Although we believe that the proposed machine learning framework can be further improved, several alternatives have already been explored in the preliminary experimental phase. The speech recognition model we used was trained on 1-1-2 calls for a previous project¹⁴, and so, was specialised to a domain very similar to that of MH-1813. We also tested an open-source, multilingual model from OpenAI called Whisper¹⁹, but found that performance degraded slightly compared to the model trained on 1-1-2. We hypothesise that this is due to Whisper’s inability to handle the specific noise conditions and recognise words from a specialised medical vocabulary.

For text classification, we used an ensemble of multi-layer perceptrons (MLPs). We also tested convolutional, recurrent, and self-attention (i.e., Transformer) architectures. However, this did not improve performance. In addition, we tested a pre-trained self-supervised model. Although many of these models are freely available to the public, they are primarily trained on English data. Only relatively few options exist for the Danish language, none of which are specialised in the medical domain. We used a monolingual Danish BERT model, which has previously been shown to outperform a multilingual alternative from Google for Danish-named entity recognition²⁰. However, this also did not result in a significant performance improvement. We hypothesise that the number of ground truth stroke positives was too small for these advanced models to learn more complex patterns than the MLP ensemble. In addition, a self-supervised model would likely benefit from being pre-trained on speech or text data from the target domain. Although training such large-scale foundation models has the potential to improve the classification model further, it is beyond the scope of this study. Thus, we chose the simpler MLP ensemble. We have included references to reviews of self-supervised learning for speech and text in the references^21,22. Notably, it is not uncommon for small, simple models to match or outperform large, pre-trained models for text classification tasks²³.

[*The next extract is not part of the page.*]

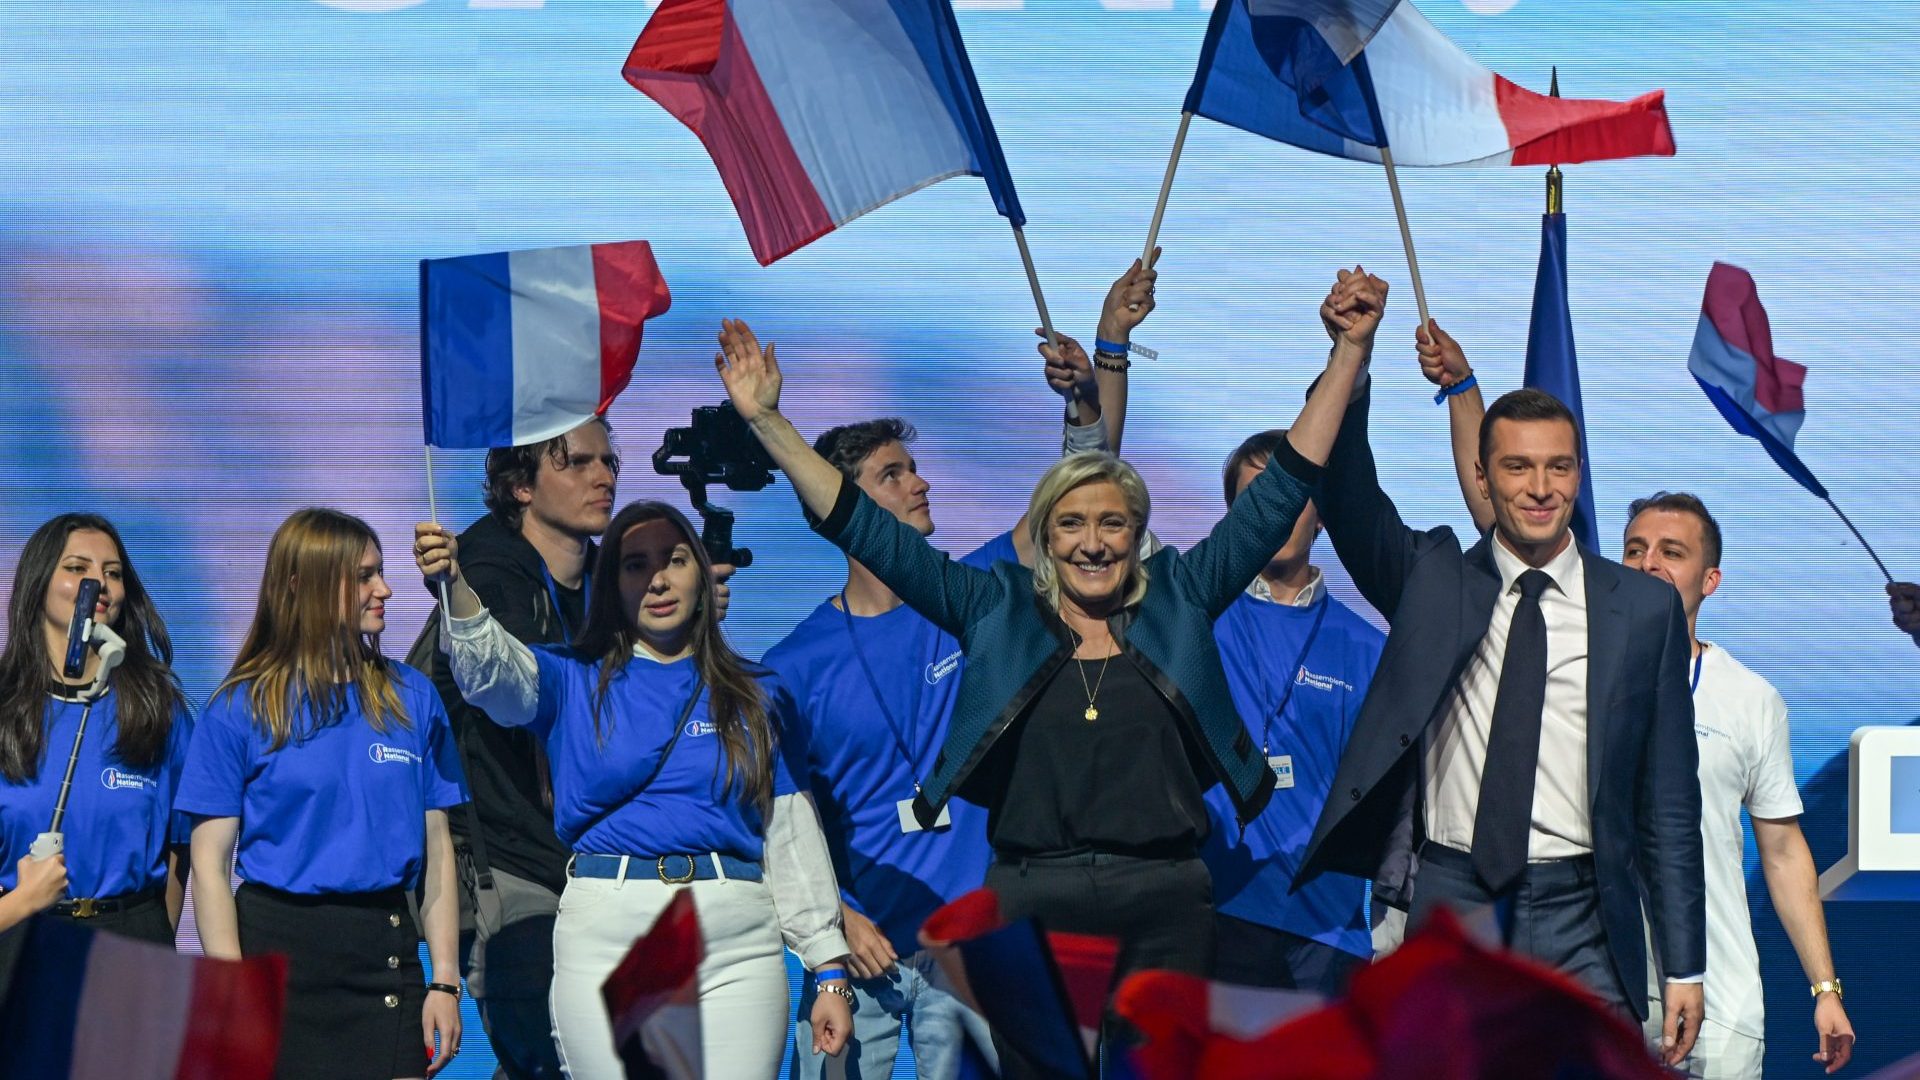 Marine Le Pen, President of the National Rally group in the National Assembly, joins Jordan Bardella, President of the National Rally (Rassemblement National), at the final rally before the upcoming European Parliament election. Photo: Artur Widak/NurPhoto via Getty Images
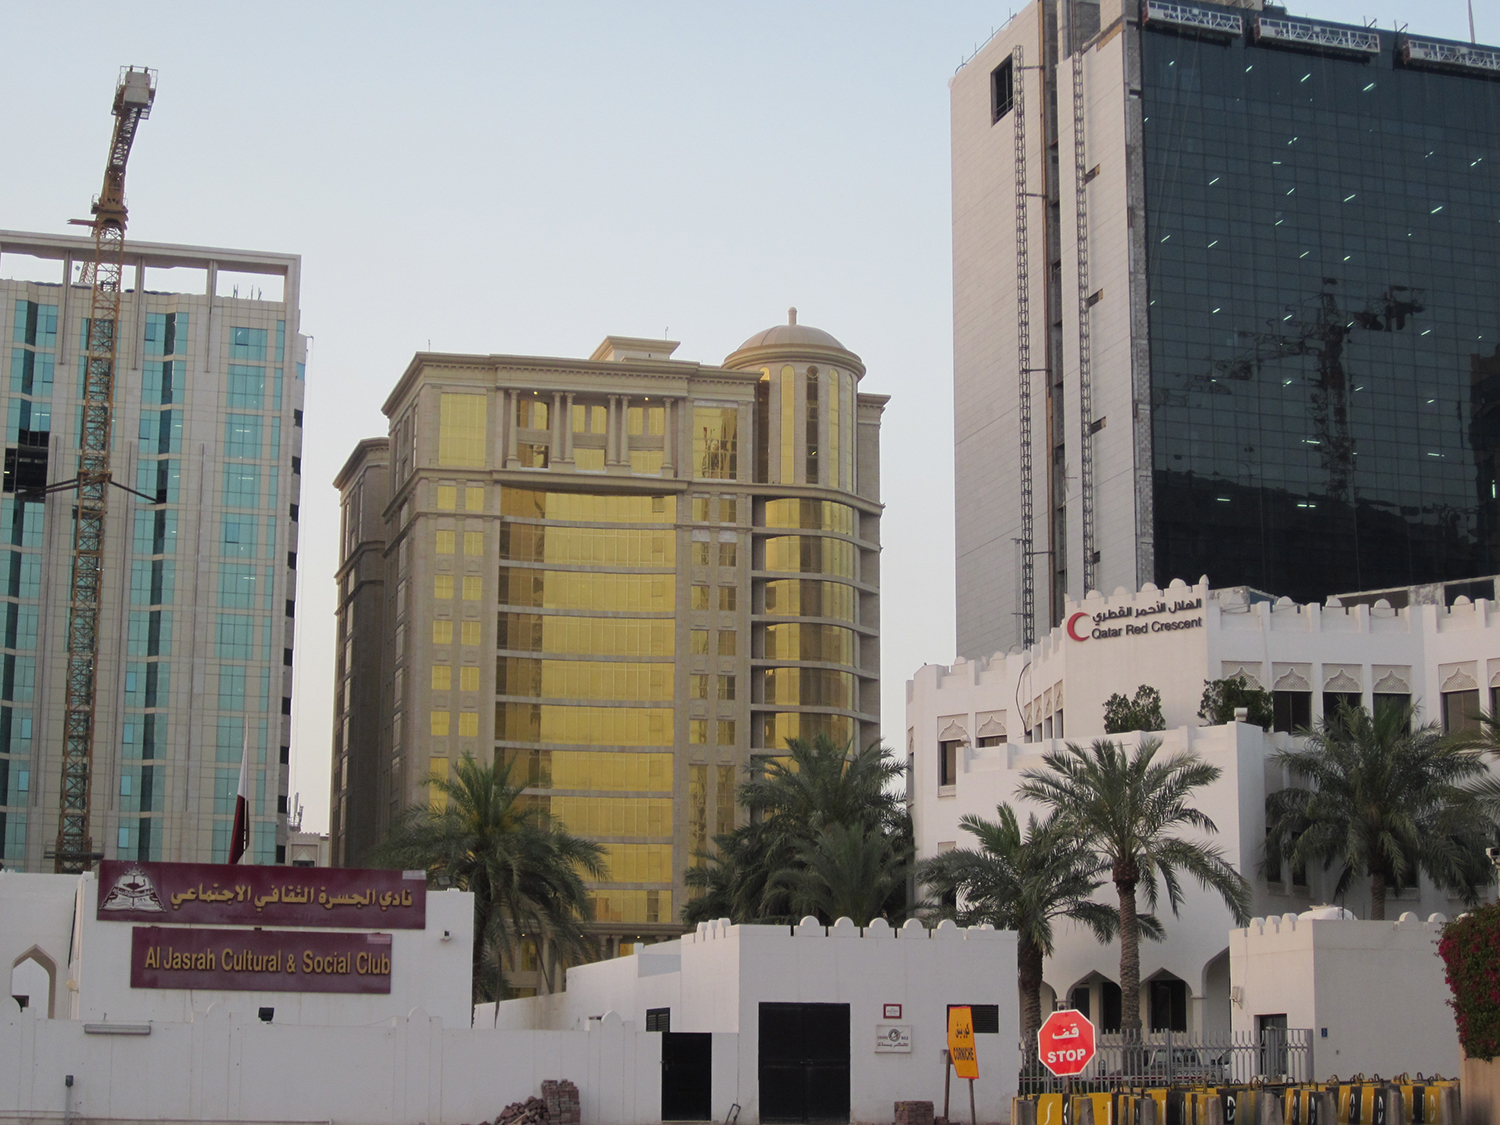 View of Red Crescent Society, al Jasrah Culture and Social Club, and new (2014) construction from Movenpick Hotel on The Corniche.

This study has some limitations. First, the mapping of call recordings to electronic records was incomplete due to technical limitations in the computer-aided dispatch (CAD) registry, which limited the number of calls available to us. Of note, there was no obvious pattern of bias related to the unmapped calls, and we included all calls with matching audio files, regardless of dispatcher performance. The results could potentially be improved if more calls were available for analysis. Second, calls without a call-taker-indicated diagnostic category were not included in the validation and test data because the call-taker’s performance could not be evaluated. Moreover, in exploratory analyses, the model performed worse on these calls, which might be attributed to differences in population characteristics (Table 1). Finally, the ground truth stroke labelling relied on the patient-reported time of onset being exact; however, estimating the accuracy of the timestamps in DanStroke was impossible.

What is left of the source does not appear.